After years of working as a first officer for a commercial airline, Andrea is finally about to become a captain. To celebrate, she goes to dinner with friends and has a couple drinks. On the way home, she forgets to signal a right turn, and an officer stops her. The officer smells alcohol and has Andrea perform field sobriety tests. The officer says he notices ‘clues’ on the tests and arrests Andrea for DUI (called OVI in Ohio). As the cuffs go on, all she can think about is what will happen to her pilot’s license and her career.
Legal Turbulence For The Pilot And Her Attorney
It seems logical that a pilot’s license would only be jeopardized if the pilot is convicted of OVI. What makes sense logically is not always what occurs with the federal government. And it is the federal government, specifically the Federal Aviation Administration (FAA), which has responsibility for pilot (“airman”) licenses. The FAA will, in fact, impose sanctions for an OVI conviction. But there are other infractions, not obvious to attorneys, for which pilots could crash and burn.
Pilots Must Self-Report To The FAA
According to the Code of Federal Regulations (CFR), pilots must affirmatively report all ‘motor vehicle actions’ to the FAA. As defined by the Federal Aviation Regulations (FAR), a ‘motor vehicle action’ includes:
• a conviction for DUI / OVI
• a license suspension / cancellation / revocation related to DUI / OVI
• a denial of an application for a driver license related to DUI / OVI
Based on the definition of ‘motor vehicle action’, most pilots charged with OVI in Ohio cannot wait until a conviction to report to the FAA. If the pilot refuses a chemical test for alcohol/drugs or submits and tests ‘over the limit’, the pilot will be subjected to an Administrative License Suspension (ALS). As that suspension is related to DUI / OVI, it is a ‘motor vehicle action’ and must be reported to the FAA. According to FAR 61.15, there are time limits for reporting and also a requirement of reporting each separate ‘motor vehicle action’. Failure to report a motor vehicle action accurately and timely will result in sanctions.
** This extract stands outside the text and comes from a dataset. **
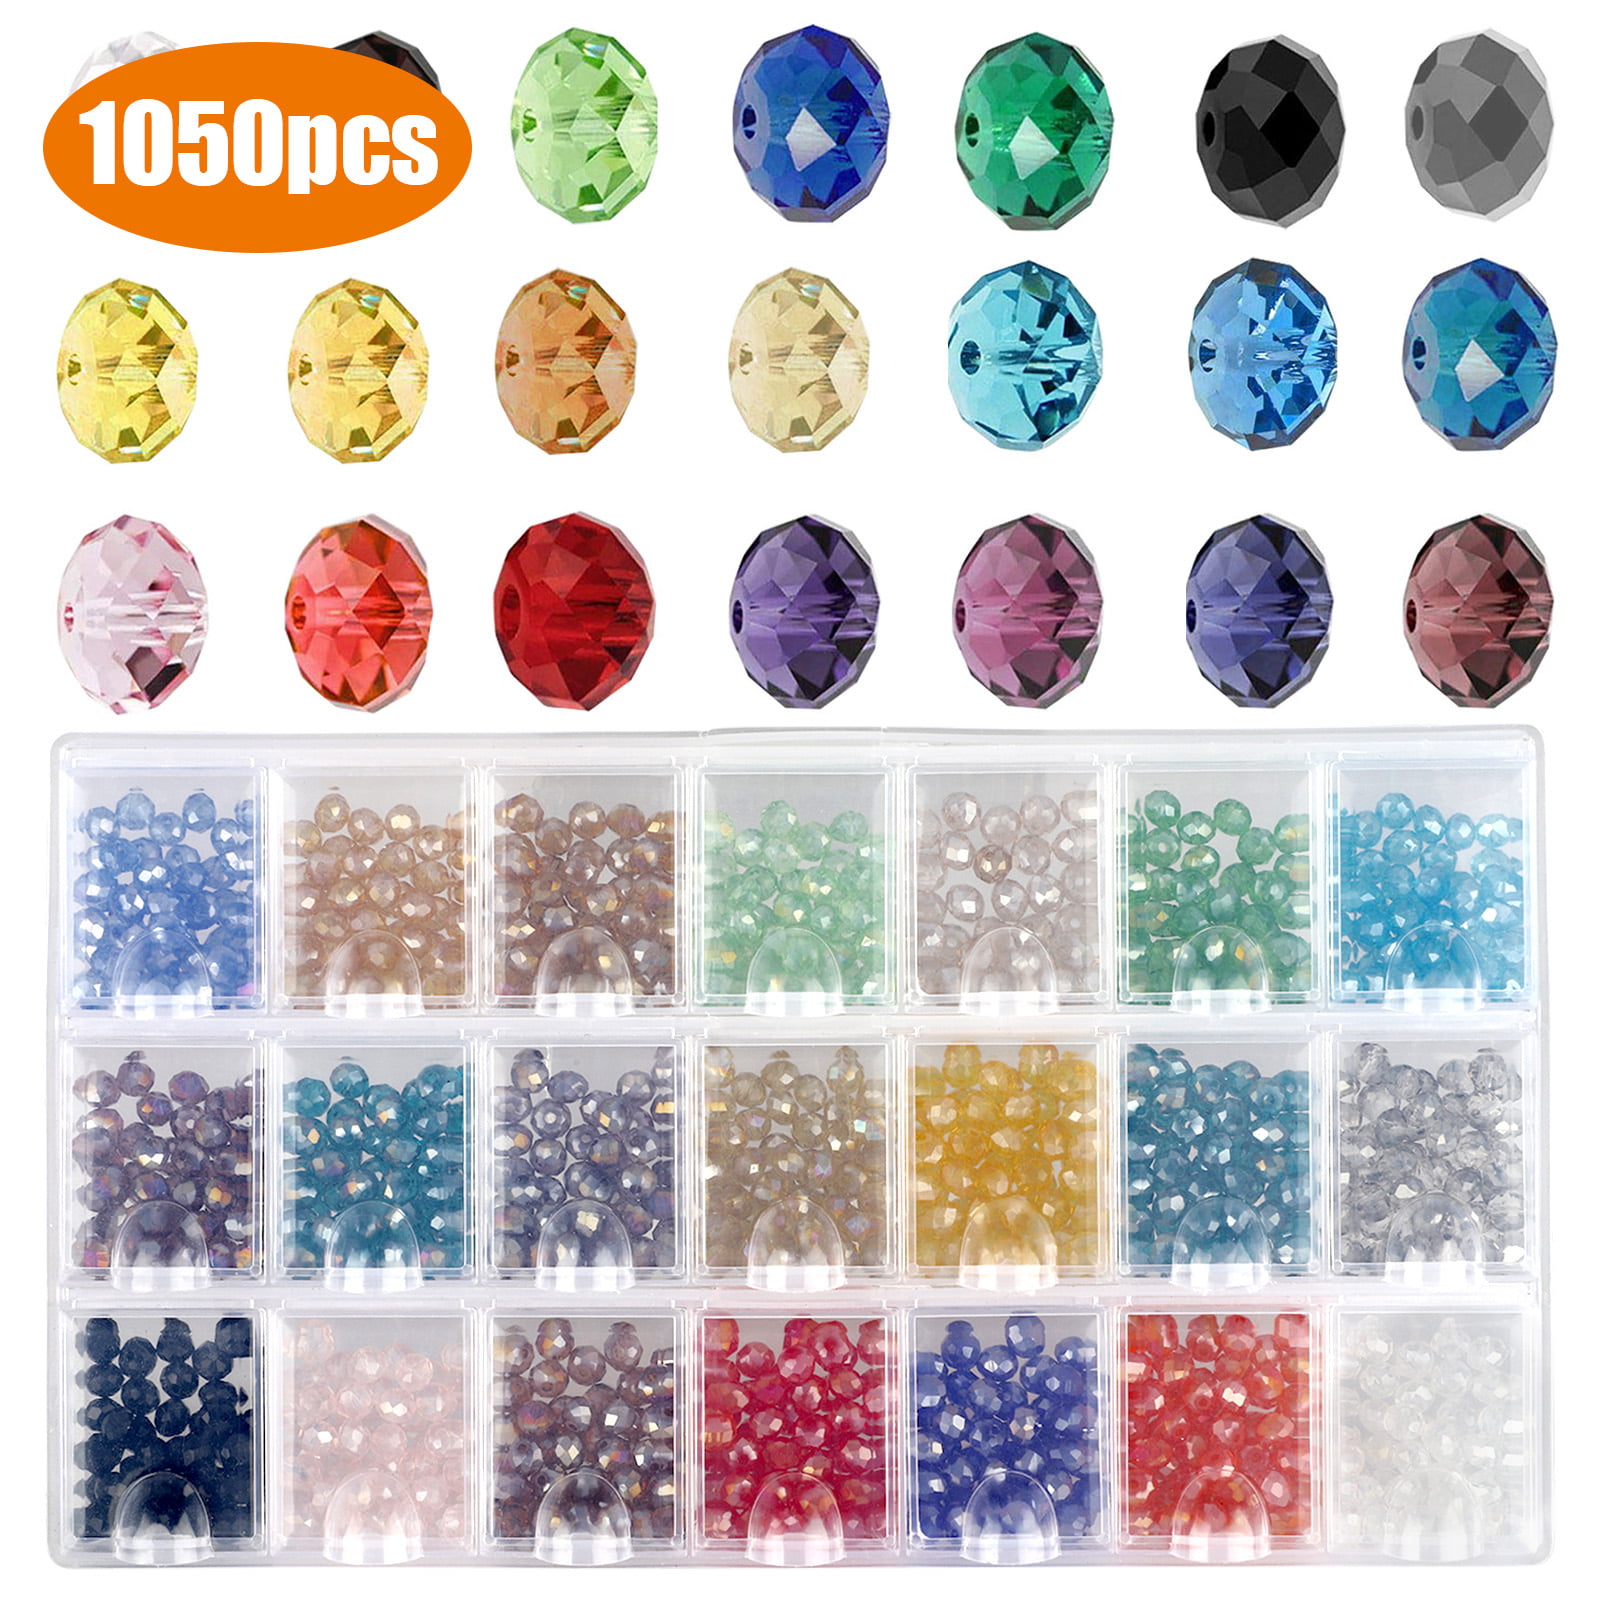 100pcs 6mm Rondelle Faceted Crystal Glass Charms Loose Spacer Beads Findings 
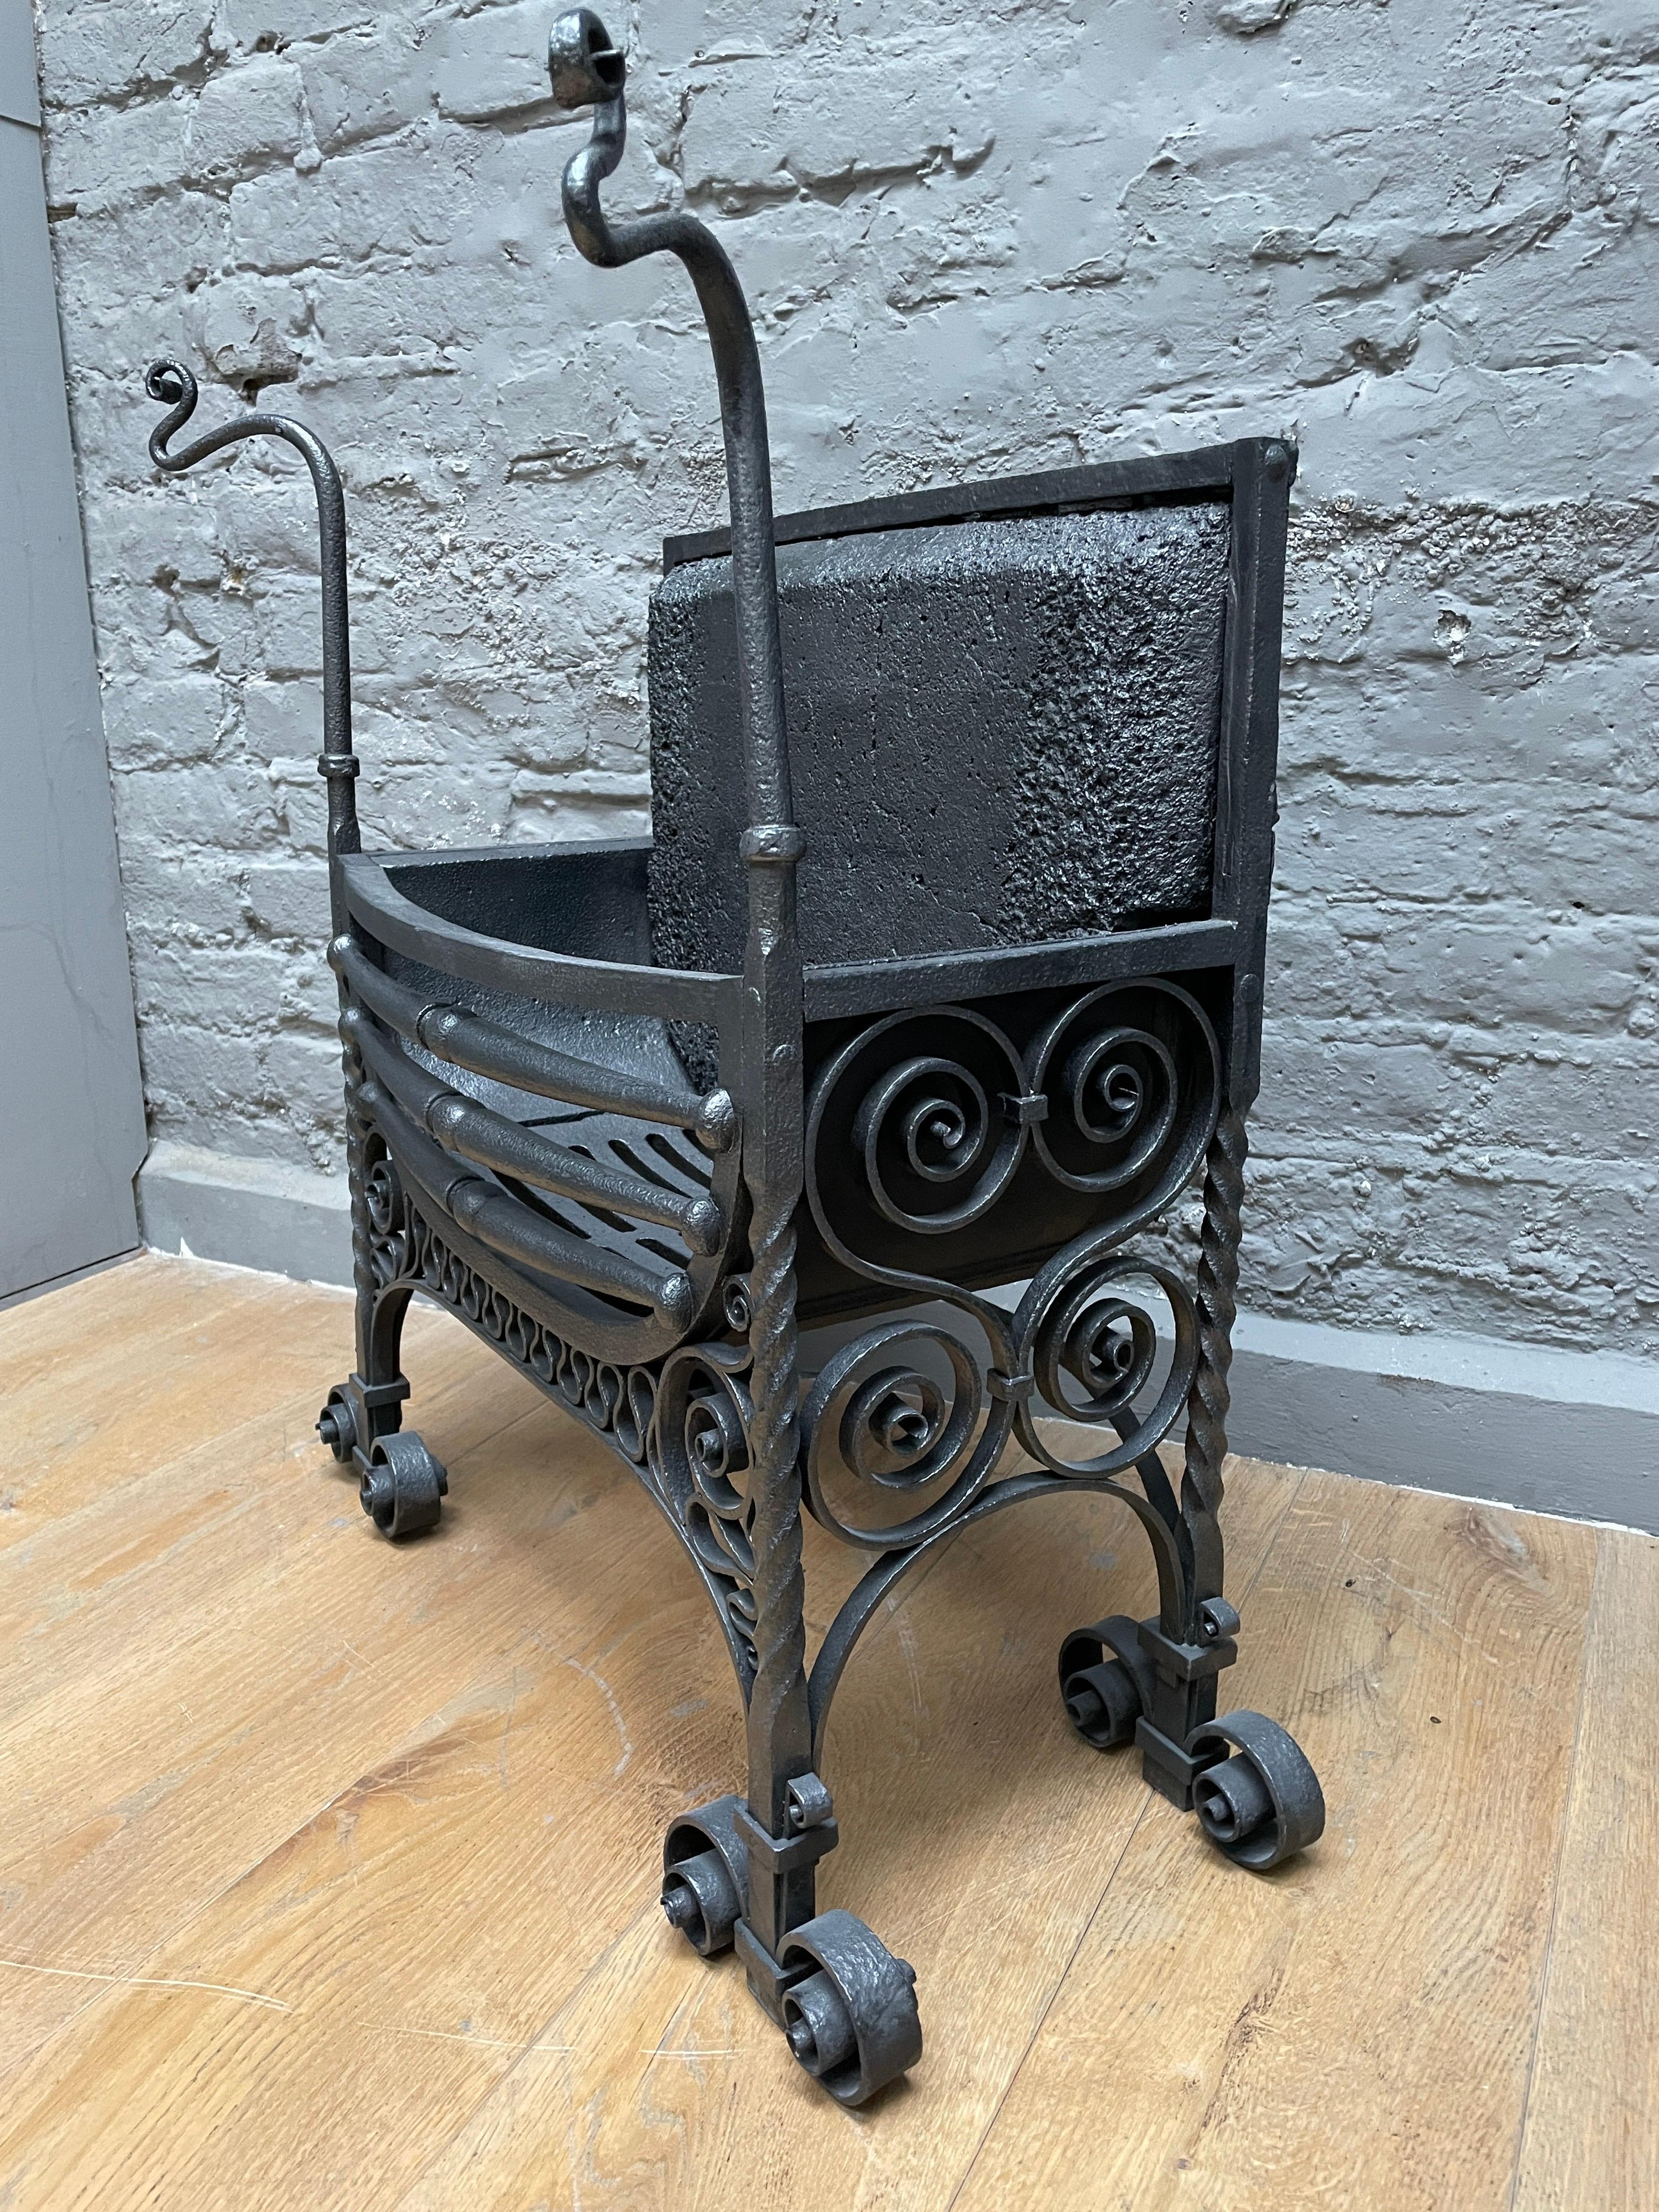 An English Antique Arts & Crafts Wrought Iron Fire Grate In Good Condition For Sale In London, GB

Pilots Must Also Report In A Separate Context
A pilot must have a current medical certificate. Depending on the type of certificate the pilot holds, the certificate must be renewed every six months, every year, or every two years. To obtain or renew a medical certificate, the pilot must complete an ‘Airman Medical Application.
There are questions on the medical application related to DUI / OVI. A pilot is asked about and required to report convictions or arrests or administrative actions:
• involving DUI / OVI
• involving an offense which resulted in denial / cancellation / revocation / suspension of driving privileges
• resulting in attendance at an educational or rehabilitation program
The FAA will know about events which trigger reporting requirements. When a pilot signs the medical application, the pilot authorizes the FAA to obtain the pilot’s driving record from the National Driver Register. Falsifying a medical application will lead to sanctions.
The pilot will also likely have reporting requirements and potential discipline with her employer. Accordingly, the pilot should consult employment contracts, employee handbooks, and collective bargaining agreements to address the employer issues.
And Then There’s The Court Case
While this article addresses the FAA requirements, the pilot also must defend against the OVI charges in court. For a pilot charged with DUI / OVI in Ohio, navigating the court system and the federal regulations can be tricky maneuvers. To avoid a crash landing, the pilot needs to effectively defend against the DUI/OVI and fully comply with FAA requirements. The pilot should hire a lawyer with expertise in Ohio DUI / OVI defense and a grasp of the special requirements for an ‘airman’ facing DUI / OVI accusations.